Foreign goverments have no choice but to cater to businesses and offer cheap labor. If it wasn't for american dollar going into there country they would starve to death. Just my opinion....

The fact of the matter is that factories and jobs are being sent overseas. We, the people, no longer have any control over our goverment to change anything. We simply cant do a thing to stop it. It is happening and will continue to happen. If I can a least slow it down a bit by buying "made is USA" products, then that is what I will do when the opportunty presents itself. 

:focus: As far as Goldtips go...... I personally will no longer be buying that particular brand. I would encourage everyone else to do the same. As a consumer I have that choice. If the Gold Tips company is doing as well as some have stated. I dont think they will miss my order.

This is my personal opinion and choice!!!!!!



sean said:


> the reason is because the foreign governments actually want businesses enough to actually make their countries a business friendly environment unlike the US and offer a willing and cheap labor force unlike the US


----------



## sean (May 31, 2003)

we as consumers have no choice but to buy foreign , US manufacturers just dont build the mass amounts of disposable crap we need to survive ....nobody considers quality anymore just cheap and mass quantity


----------



## minnow (Mar 2, 2006)

sean said:


> the reason is because the foreign governments actually want businesses enough to actually make their countries a business friendly environment unlike the US and offer a willing and cheap labor force unlike the US


Just curious, how cheap are you willing to work for?


----------



## sean (May 31, 2003)

minnow said:


> Just curious, how cheap are you willing to work for?




when Im operating my buisness evenings and weekends its 75.00 an hour my day time employer 20+ but im not making plastic hangers for walmart or happymeal toys either ...


----------



## sean (May 31, 2003)

minnow said:


> Just curious, how cheap are you willing to work for?





point is govt greed forces buisness over seas through crazy taxes and mountains of burocratic BS if they let up a little maby companys could pay better and attract better employees and not be forced overseas


----------



## sgtbowhunter (Mar 26, 2006)

I was going to buy some gt's this spring but upon asking the owner of the shop if they were made in america, he said they were not.
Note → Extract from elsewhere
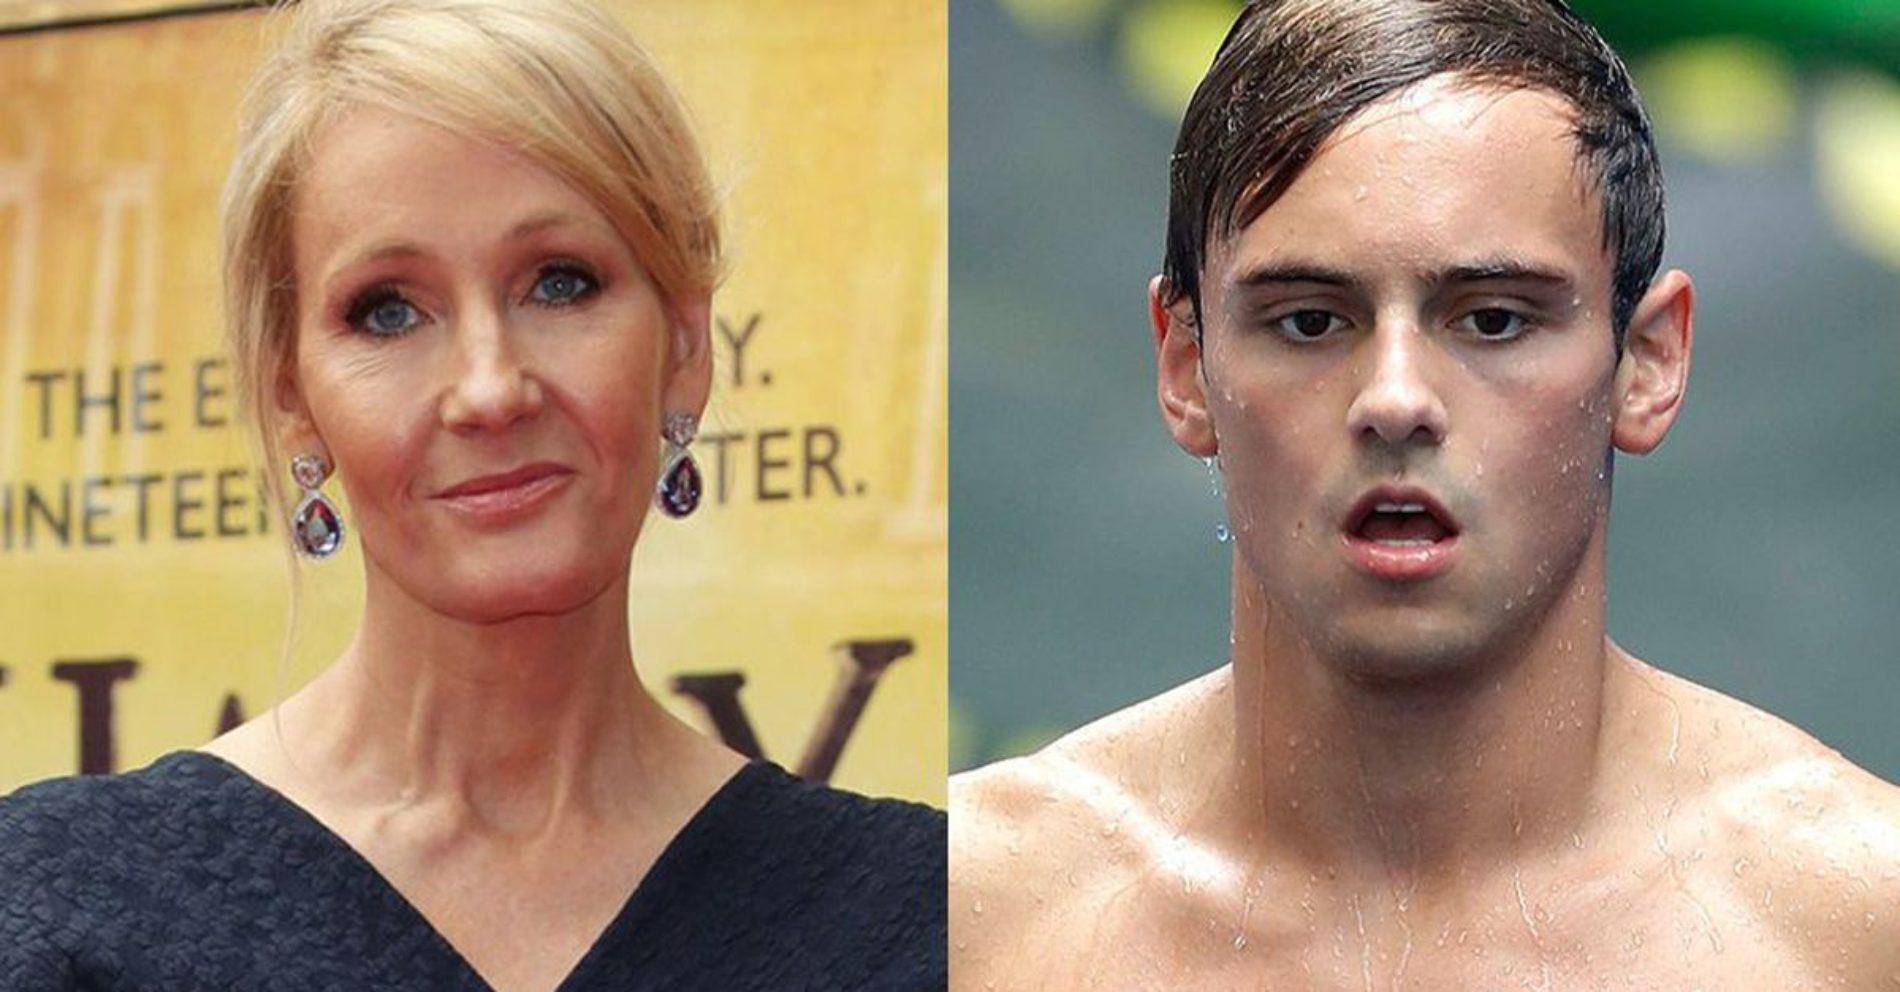 J.K. Rowling shuts down homophobic tweet trolling Tom Daley following his Olympic exit
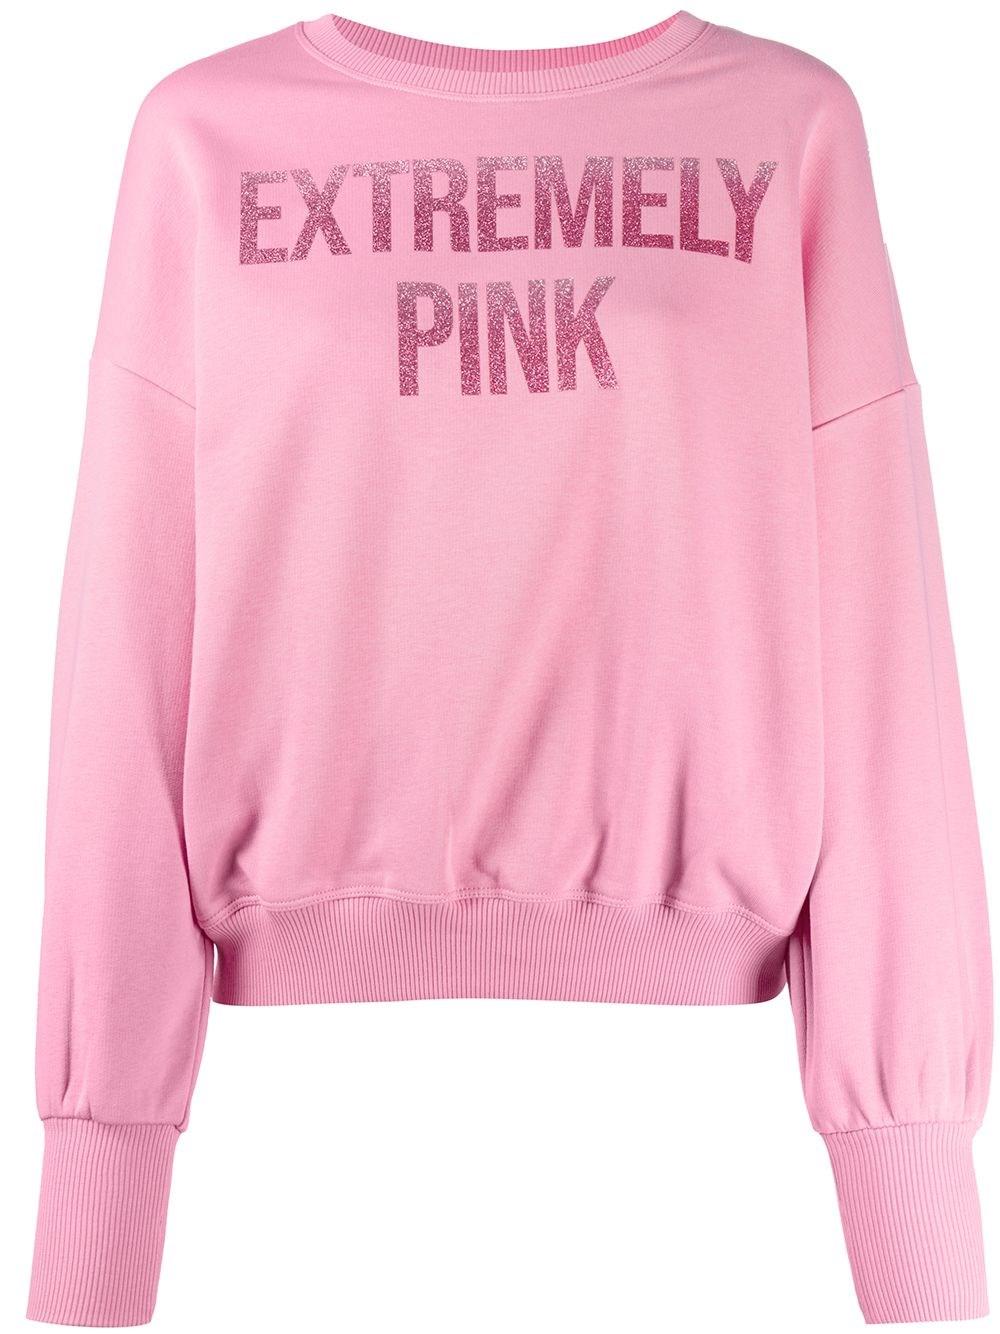 "REDVALENTINO ""Extremely Pink"" Sweatshirt"

I opted for the beman ics elites and have been very happy with them. According to the owner bemans are the ONLY shaft made in the us anymore! I will be buying bemans as long as they are made here.


----------



## sean (May 31, 2003)

sgtbowhunter said:


> I was going to buy some gt's this spring but upon asking the owner of the shop if they were made in america, he said they were not. I opted for the beman ics elites and have been very happy with them. According to the owner bemans are the ONLY shaft made in the us anymore! I will be buying bemans as long as they are made here.
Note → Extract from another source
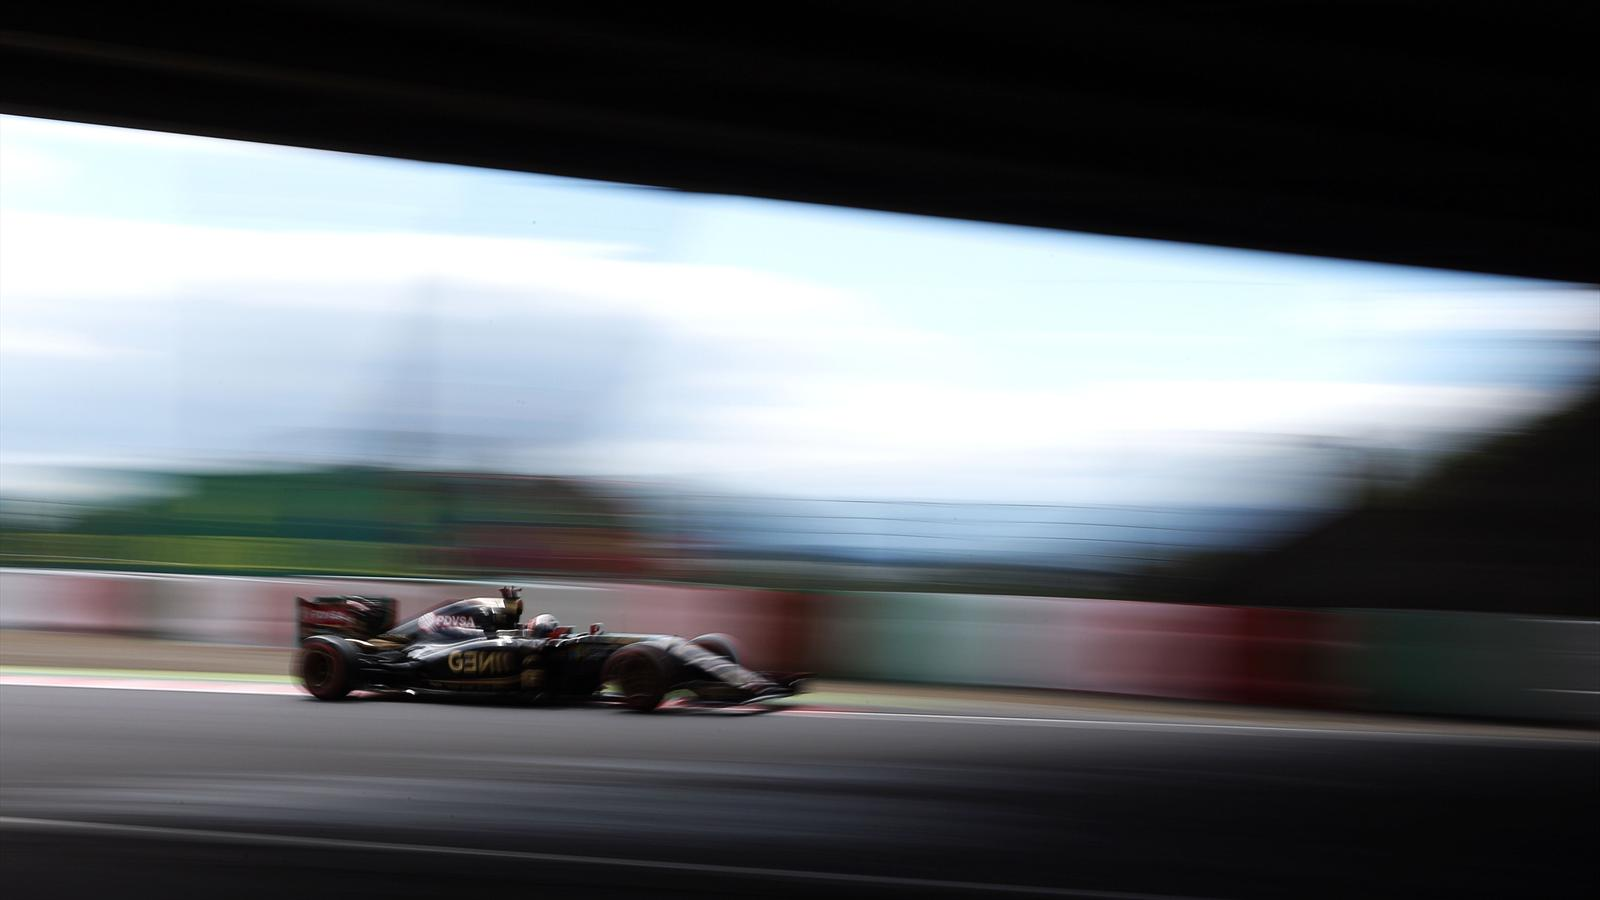 Romain Grosjean (Lotus) au Grand Prix du Japon 2015

what about easton ? they are also US made


----------



## ButchA (Mar 6, 2006)

Easton and Beman (owned by Easton), are both still made in Utah. I recently picked up a 1/2 dozen more ICS Hunter 340's at the bow shop on sale. They are what I currenty shoot and do very well for me.

I am always tinkering and looking at various arrows (I use OnTarget2 also) and wanted to try Gold Tips, but seeing that they are moving the manufacturing to Mexico, I said _"Forget that!"_

My next arrows to tinker with will have feathers. I have always wanted to try shooting feathers, since a lot of people rave about them and how well the arrow flight is (not to mention the added FOC%).


----------



## aulim (May 10, 2006)

I am not from the USA. Our minimum wage here is about an equivalent of $4.00 a DAY (8 hours work). You will note the big disparity with US minimum wage. 
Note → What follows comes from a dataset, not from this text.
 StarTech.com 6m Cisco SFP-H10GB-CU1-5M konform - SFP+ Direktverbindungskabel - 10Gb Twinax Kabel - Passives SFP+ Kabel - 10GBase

Even if I don't shoot GT, I don't blame them. The bottom line is Profits not ethics. Besides, the world economy is going global. They are liberalizing trade; what happens when they liberalize services. Is this scenario possible? Imagine a BIG arrow maker making arows in its US facility manned by foreign workers.

Just my thoughts.

I still use PSE, Easton and Xtreme shafts (purchased from US internet stores and shipped to the PHilippines.)


----------



## Target Tony (Mar 3, 2003)

ultratec1 said:


> And that right there is the reason that american factories are closing down and people are loosing their jobs.........because no one cares anymore, Thats a pretty sad statement Tony.



i simply meant i buy Goldtips because they work for me. 

but if it means so much to you, i guess i will see you with a picket sign outside of all the archery shops that sell Goldtips right ? that way you can voice your opinion where it really counts, with the evil ones that sell them. 

Shoot Strong
Tony


----------



## 12POINTBUBBA (Jul 14, 2006)

*goldtip*

I e-mailed Kody Walker head of marketing for Goldtip.He says that arrow production is up 30% but demand is up even more.They should be caught up by October

To all the people complaining about not being made in the U.S.A.Let me come to your house and look at your tv,stereo,or automobile.I know,I know,you just like the japanese products quality.


----------



## KDS (Oct 11, 2005)

Maybe the product is made in Mexico, but quality control is still handled in the states from what I read, this gives a little piece of mind. Regardless of where they are made they are still a great arrow and can be purchased from ebay all day long with next day shipping. There will probably be a day when Easton does the same with manufacturing, it's a sad world, but it is reality.


----------



## PennMan (Jun 17, 2006)

*Made in USA?*

Just checked my brand new GT Pro Ultralights. They have a US flag on them and say Made in USA. Is there some loophole in the law that allows a PORTION of the manufacturing process to happen here in the US that is the minimal amount required to make a "Made the the USA" label legal? 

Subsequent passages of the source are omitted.